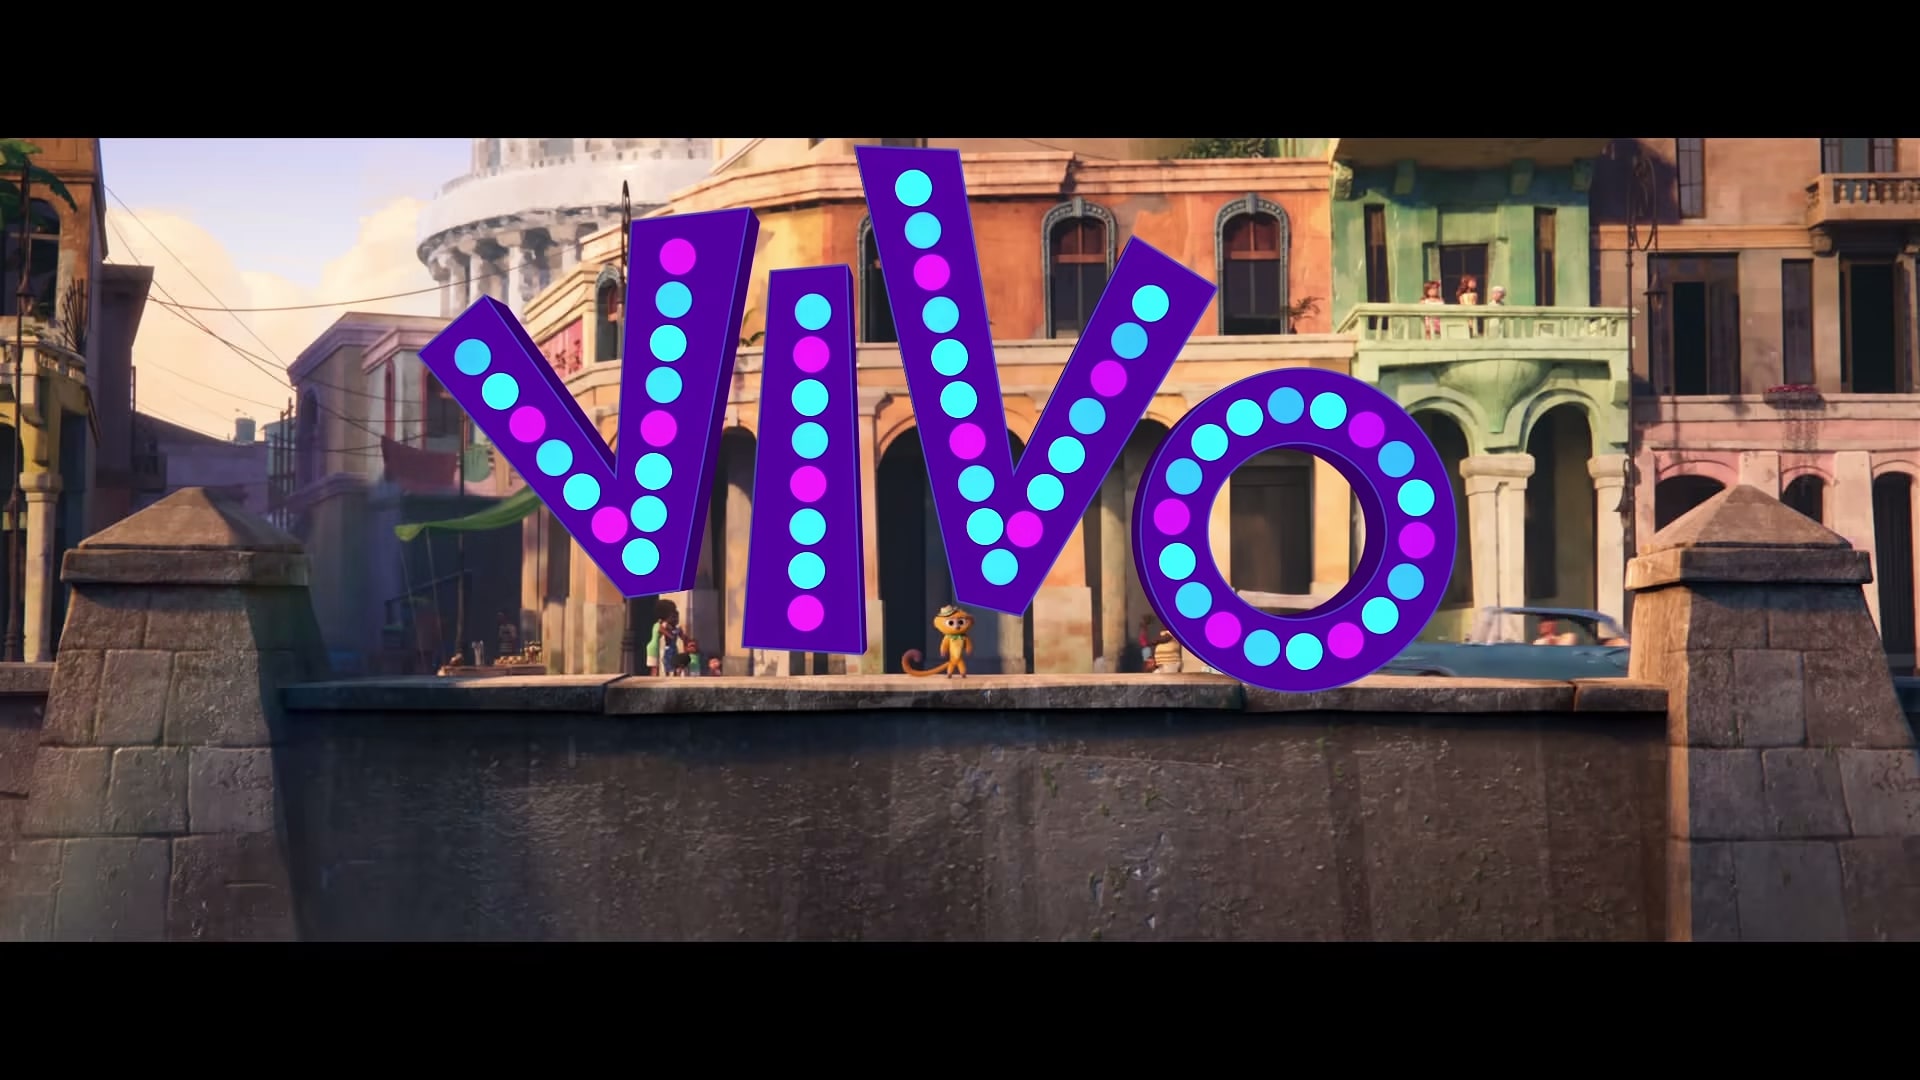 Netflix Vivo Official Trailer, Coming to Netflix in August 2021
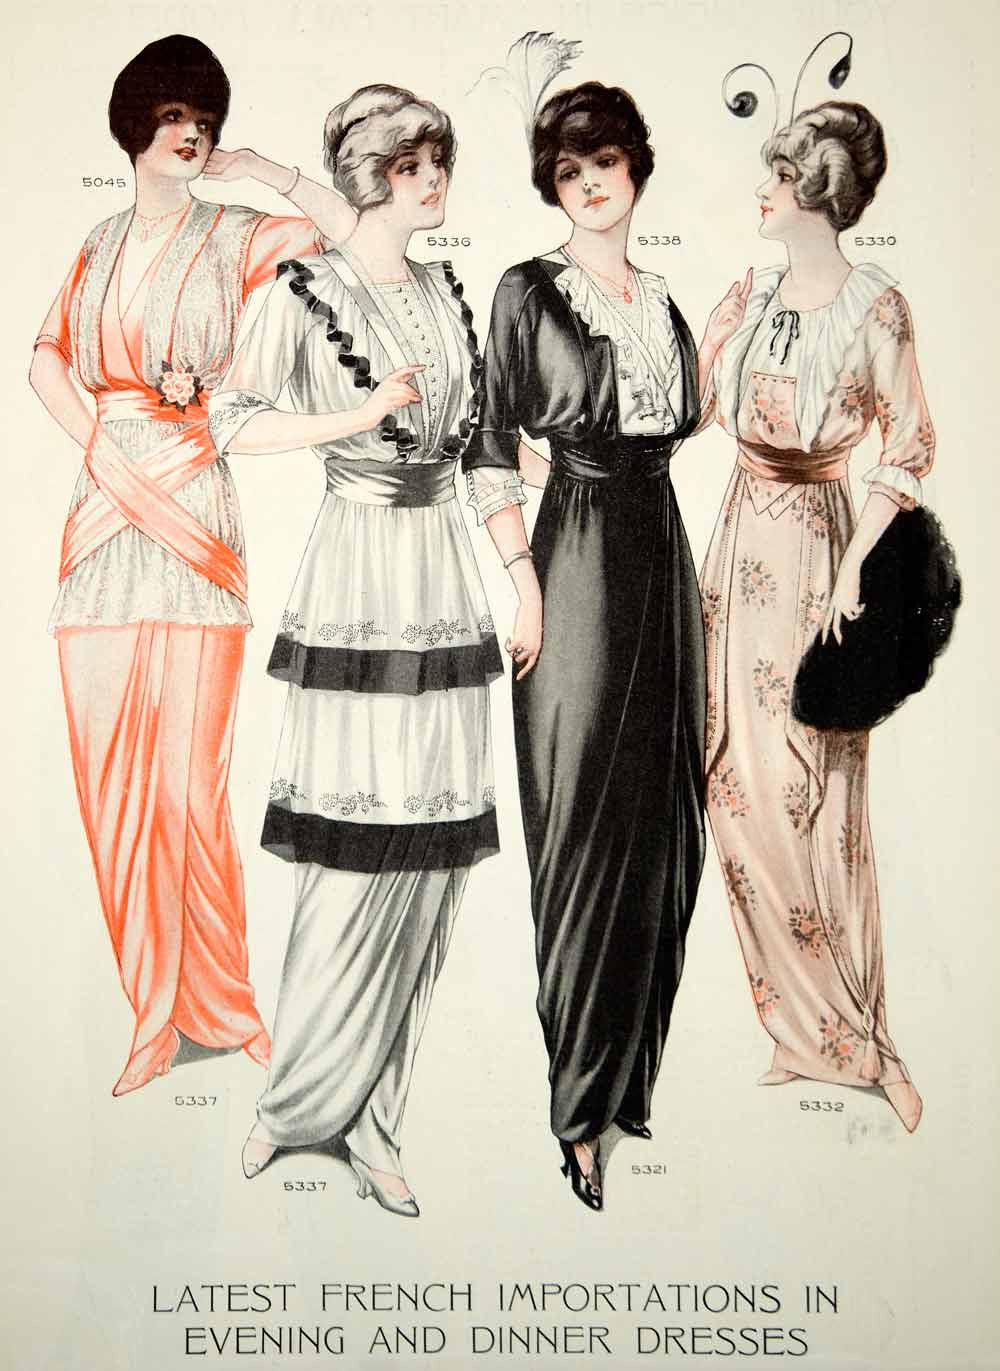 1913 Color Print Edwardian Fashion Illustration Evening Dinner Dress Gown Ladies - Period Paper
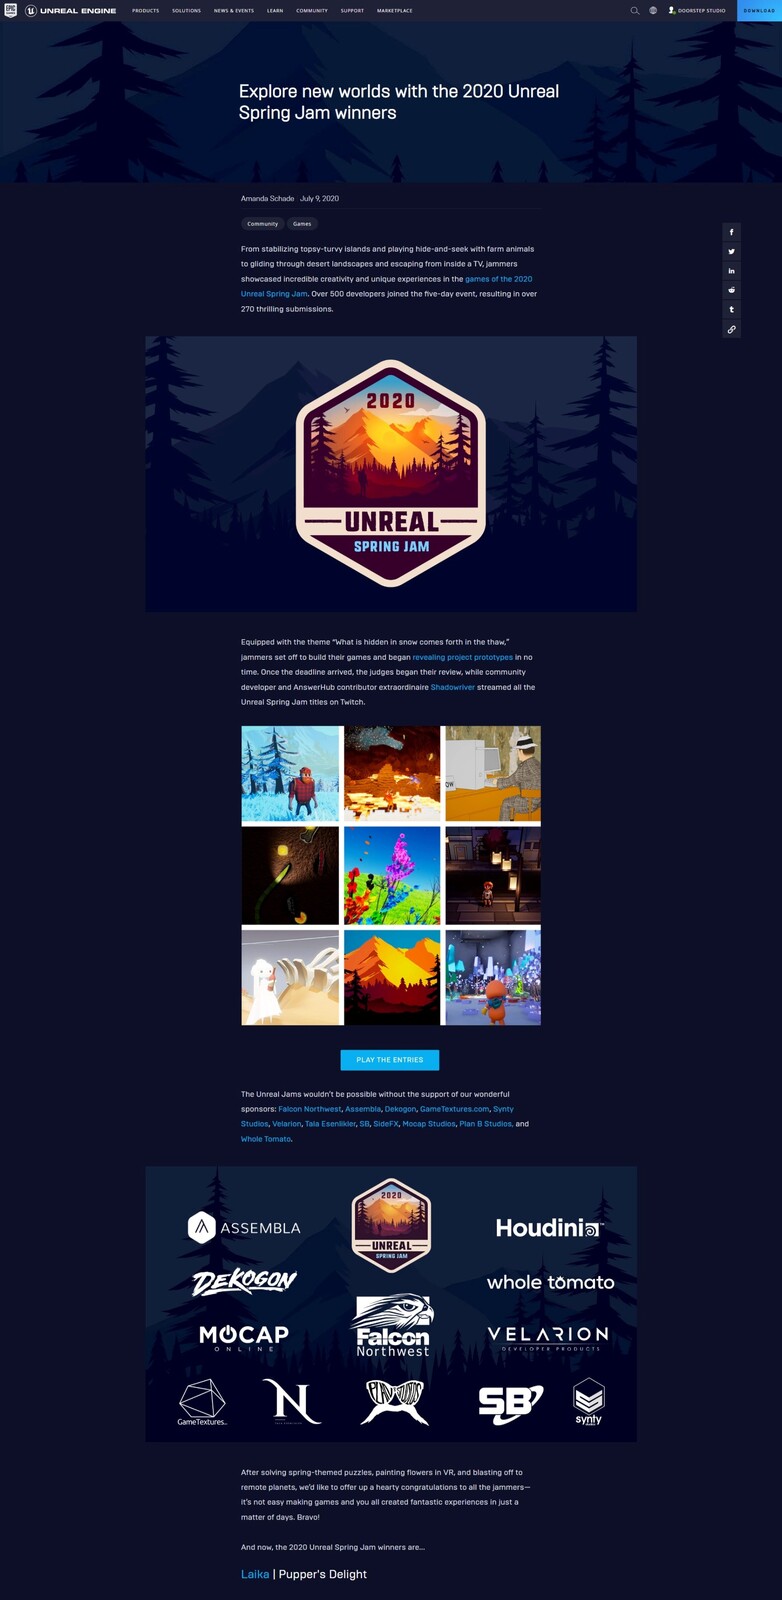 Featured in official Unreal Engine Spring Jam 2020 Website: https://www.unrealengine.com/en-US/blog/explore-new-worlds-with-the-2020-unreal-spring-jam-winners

..........

— Exercise —
None of the pictures should appear; copy the rest of the material above exactly.

— Written answer —
 Netflix Vivo Official Trailer, Coming to Netflix in August 2021
 1913 Color Print Edwardian Fashion Illustration Evening Dinner Dress Gown Ladies - Period Paper
 Featured in official Unreal Engine Spring Jam 2020 Website: https://www.unrealengine.com/en-US/blog/explore-new-worlds-with-the-2020-unreal-spring-jam-winners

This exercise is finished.